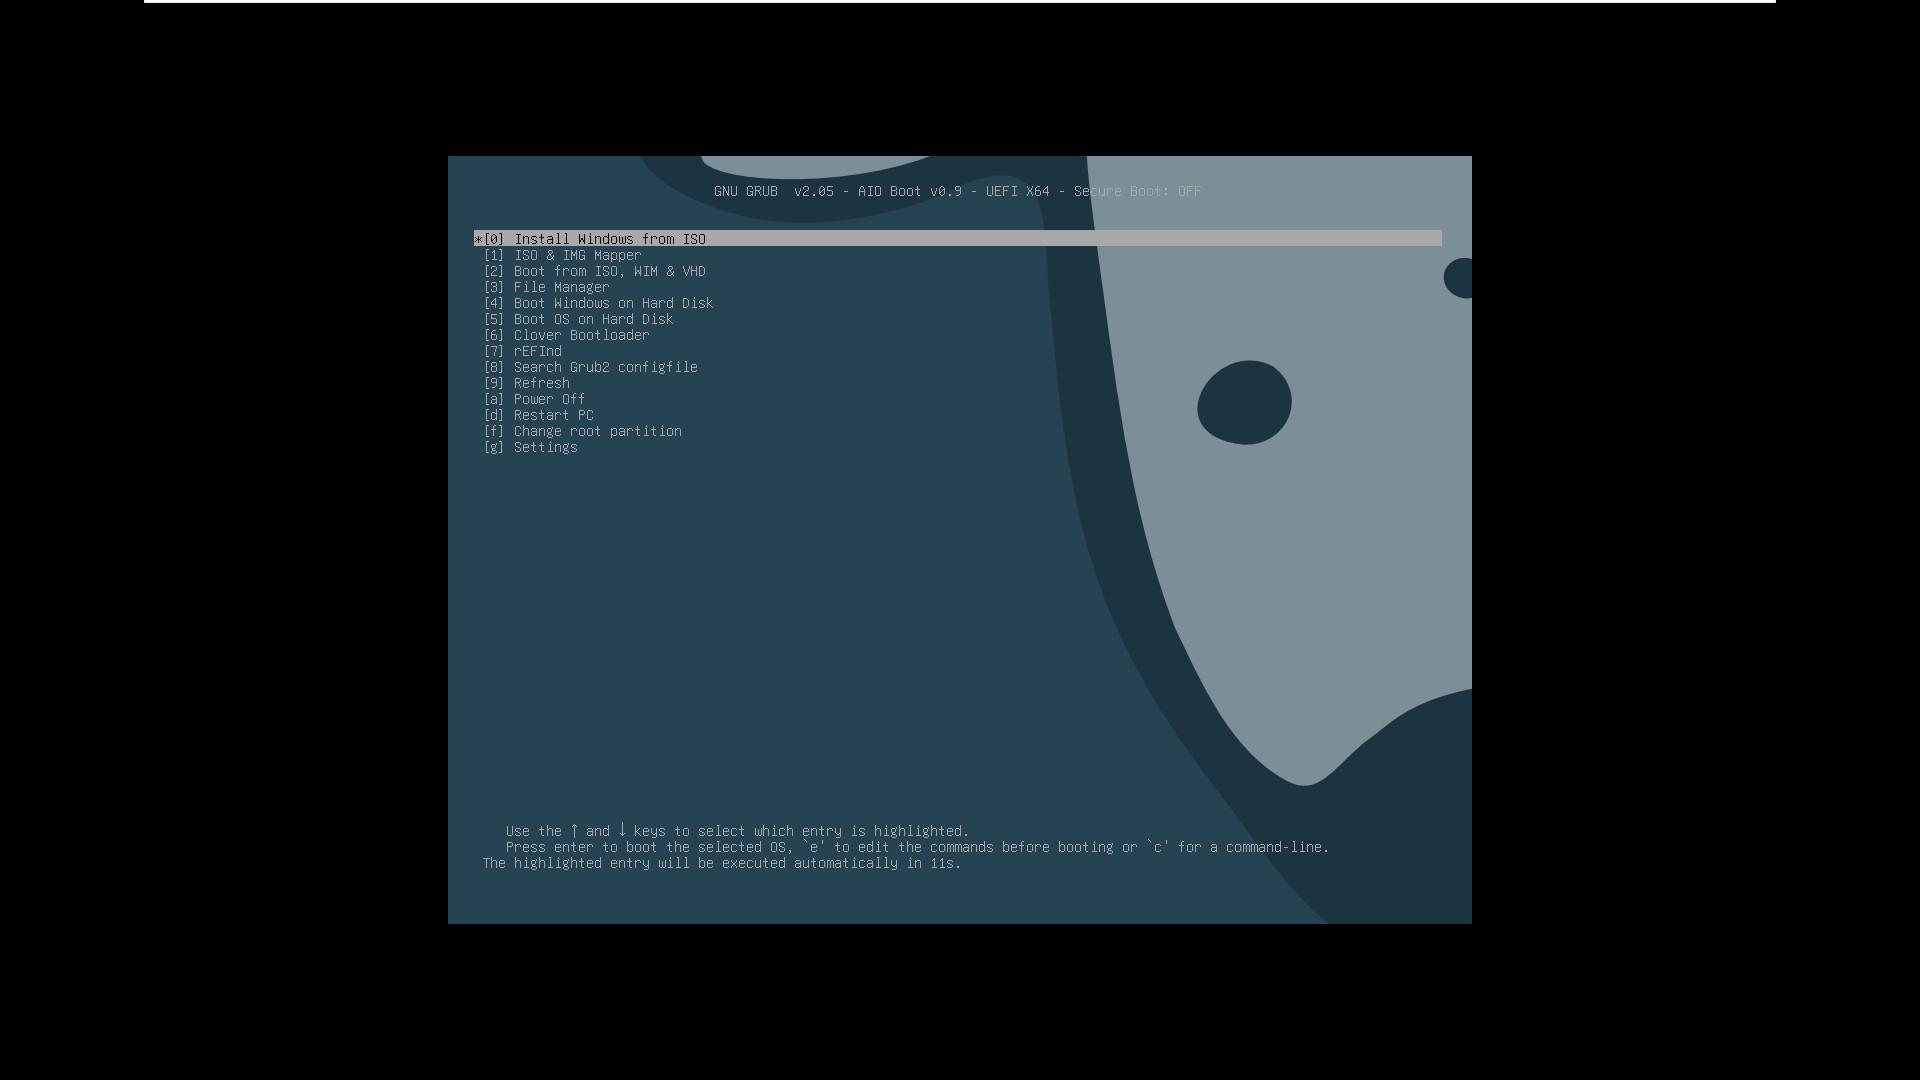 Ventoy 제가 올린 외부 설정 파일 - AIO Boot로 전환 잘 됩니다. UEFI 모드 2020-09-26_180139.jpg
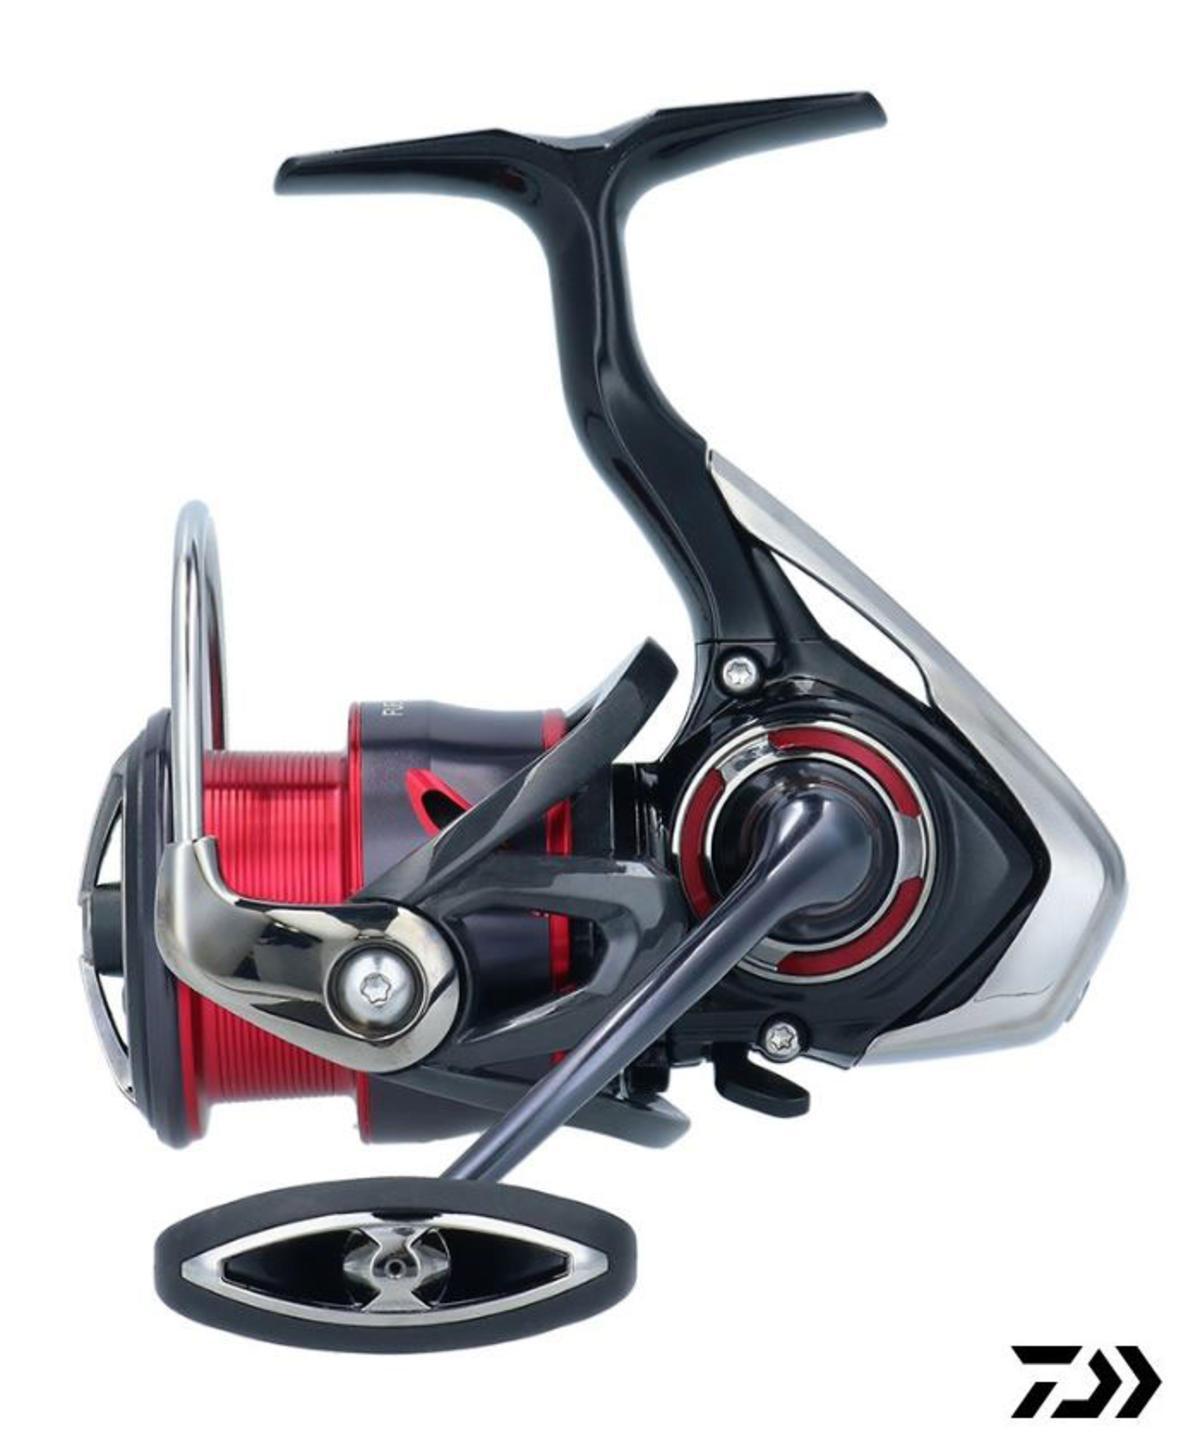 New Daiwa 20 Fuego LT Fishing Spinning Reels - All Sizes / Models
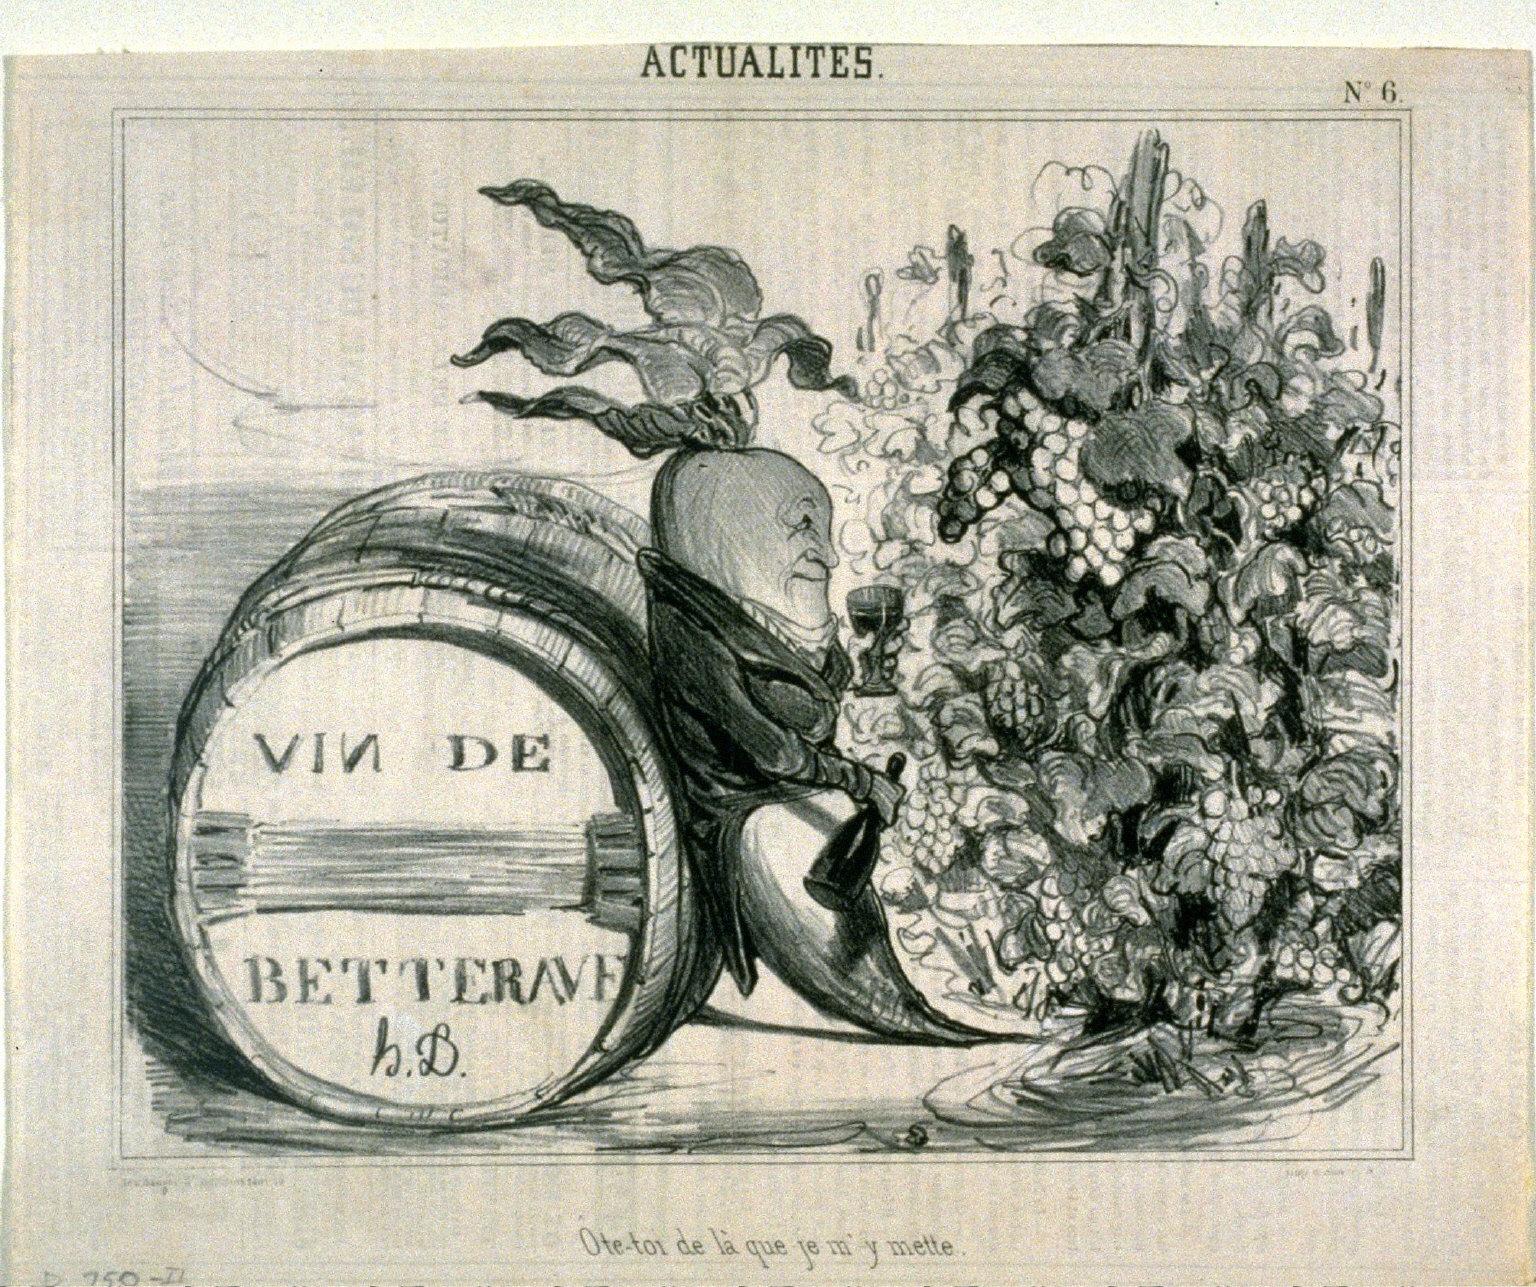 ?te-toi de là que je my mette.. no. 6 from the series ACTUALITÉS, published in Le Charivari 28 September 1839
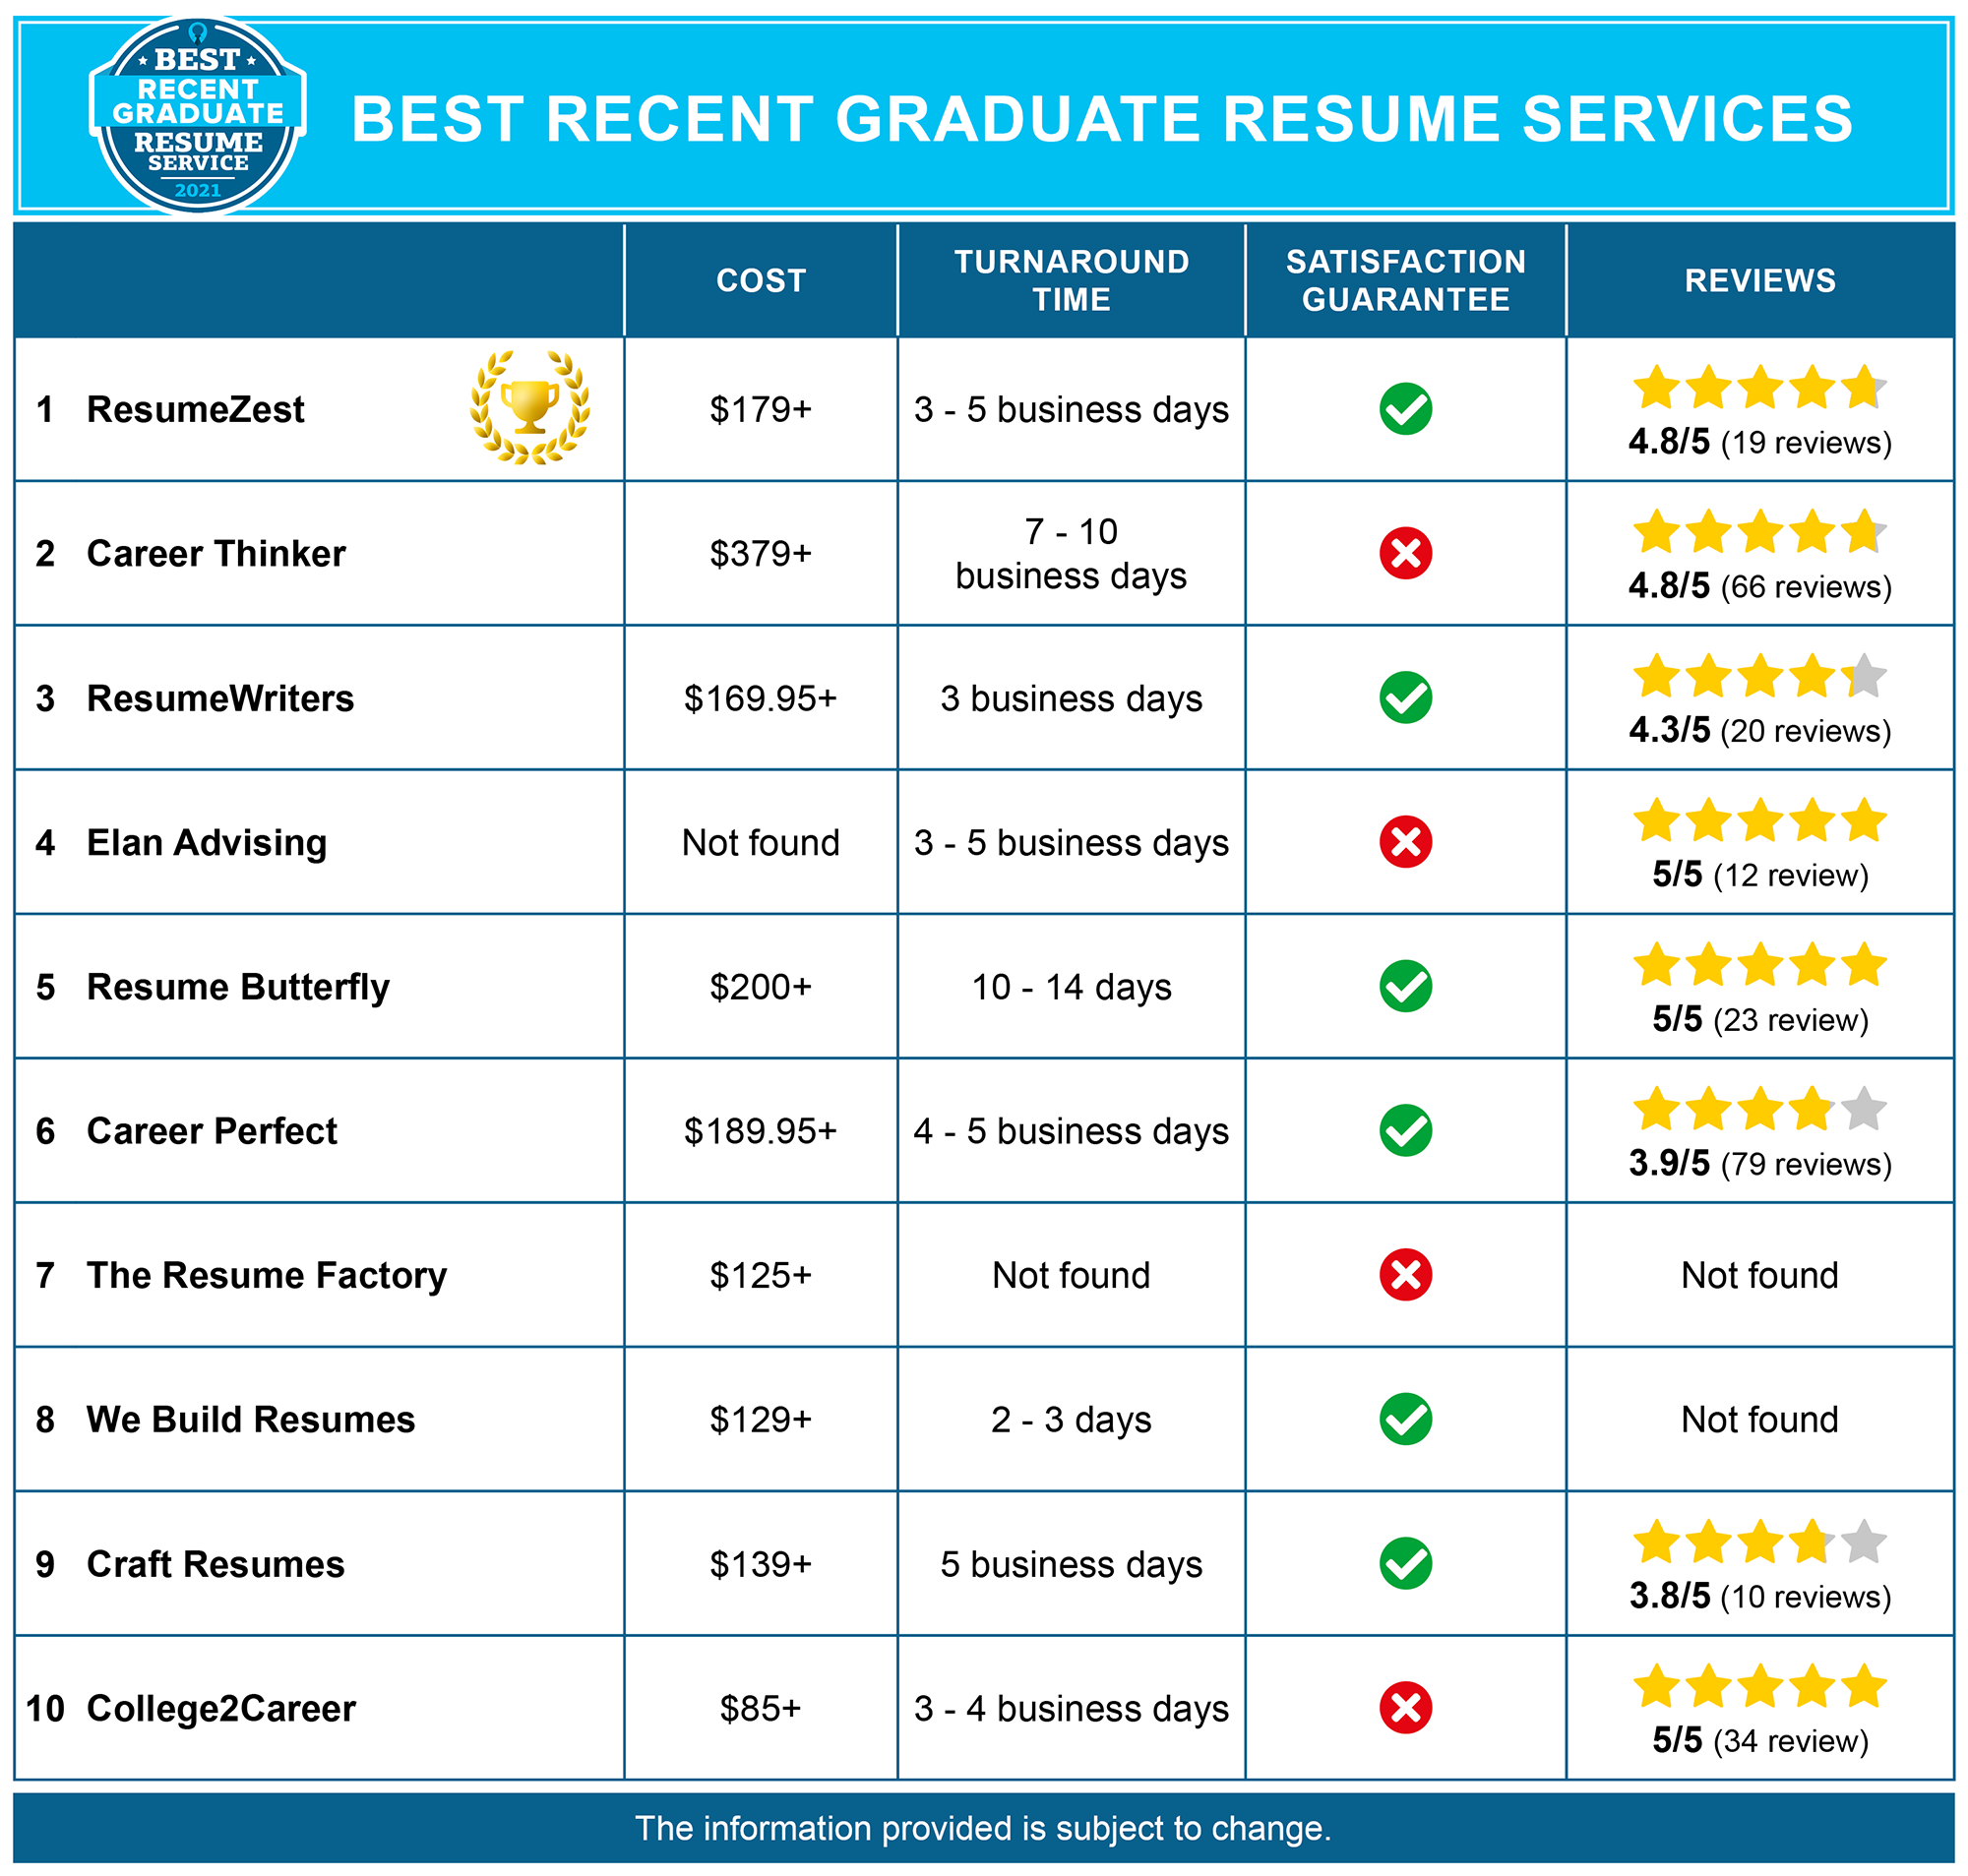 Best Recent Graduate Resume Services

--------------------

◆ Task directions:
Print the data word for word and omit the pictures.

◆ Solution for this task:
 Ventoy 제가 올린 외부 설정 파일 - AIO Boot로 전환 잘 됩니다. UEFI 모드 2020-09-26_180139.jpg
 New Daiwa 20 Fuego LT Fishing Spinning Reels - All Sizes / Models
 ?te-toi de là que je my mette.. no. 6 from the series ACTUALITÉS, published in Le Charivari 28 September 1839
 Best Recent Graduate Resume Services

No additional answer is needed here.